> _Activity_:
Write out, please, the lines from the beginning of the material to the line with "Rocket Super X-Press Distiller's Yeast", including both ends and nothing else.

> _Data in this exercise_:
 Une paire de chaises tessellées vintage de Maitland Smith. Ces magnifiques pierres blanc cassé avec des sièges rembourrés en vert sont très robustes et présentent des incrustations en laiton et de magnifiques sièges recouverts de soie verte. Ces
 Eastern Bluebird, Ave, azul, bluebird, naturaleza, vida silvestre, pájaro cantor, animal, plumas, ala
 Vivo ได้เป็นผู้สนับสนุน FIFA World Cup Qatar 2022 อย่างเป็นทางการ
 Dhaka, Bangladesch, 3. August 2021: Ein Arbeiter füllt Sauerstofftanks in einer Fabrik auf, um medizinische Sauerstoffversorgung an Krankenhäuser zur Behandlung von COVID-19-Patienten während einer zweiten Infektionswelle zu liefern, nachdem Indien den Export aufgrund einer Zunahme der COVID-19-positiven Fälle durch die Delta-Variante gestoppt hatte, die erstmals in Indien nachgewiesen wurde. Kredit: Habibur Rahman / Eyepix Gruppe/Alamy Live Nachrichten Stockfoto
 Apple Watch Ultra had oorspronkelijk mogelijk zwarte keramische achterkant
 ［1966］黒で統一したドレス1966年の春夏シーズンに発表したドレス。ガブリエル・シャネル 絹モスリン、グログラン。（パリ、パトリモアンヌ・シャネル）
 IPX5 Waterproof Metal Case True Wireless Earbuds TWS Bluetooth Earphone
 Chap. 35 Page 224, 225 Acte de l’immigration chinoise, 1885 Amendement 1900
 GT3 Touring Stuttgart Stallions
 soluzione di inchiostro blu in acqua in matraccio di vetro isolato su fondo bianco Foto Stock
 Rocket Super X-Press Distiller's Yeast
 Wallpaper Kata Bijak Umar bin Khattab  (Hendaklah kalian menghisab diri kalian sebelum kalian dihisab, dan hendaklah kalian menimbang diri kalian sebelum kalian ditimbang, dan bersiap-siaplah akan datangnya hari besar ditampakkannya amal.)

> _Response to the task_:
 Une paire de chaises tessellées vintage de Maitland Smith. Ces magnifiques pierres blanc cassé avec des sièges rembourrés en vert sont très robustes et présentent des incrustations en laiton et de magnifiques sièges recouverts de soie verte. Ces
 Eastern Bluebird, Ave, azul, bluebird, naturaleza, vida silvestre, pájaro cantor, animal, plumas, ala
 Vivo ได้เป็นผู้สนับสนุน FIFA World Cup Qatar 2022 อย่างเป็นทางการ
 Dhaka, Bangladesch, 3. August 2021: Ein Arbeiter füllt Sauerstofftanks in einer Fabrik auf, um medizinische Sauerstoffversorgung an Krankenhäuser zur Behandlung von COVID-19-Patienten während einer zweiten Infektionswelle zu liefern, nachdem Indien den Export aufgrund einer Zunahme der COVID-19-positiven Fälle durch die Delta-Variante gestoppt hatte, die erstmals in Indien nachgewiesen wurde. Kredit: Habibur Rahman / Eyepix Gruppe/Alamy Live Nachrichten Stockfoto
 Apple Watch Ultra had oorspronkelijk mogelijk zwarte keramische achterkant
 ［1966］黒で統一したドレス1966年の春夏シーズンに発表したドレス。ガブリエル・シャネル 絹モスリン、グログラン。（パリ、パトリモアンヌ・シャネル）
 IPX5 Waterproof Metal Case True Wireless Earbuds TWS Bluetooth Earphone
 Chap. 35 Page 224, 225 Acte de l’immigration chinoise, 1885 Amendement 1900
 GT3 Touring Stuttgart Stallions
 soluzione di inchiostro blu in acqua in matraccio di vetro isolato su fondo bianco Foto Stock
 Rocket Super X-Press Distiller's Yeast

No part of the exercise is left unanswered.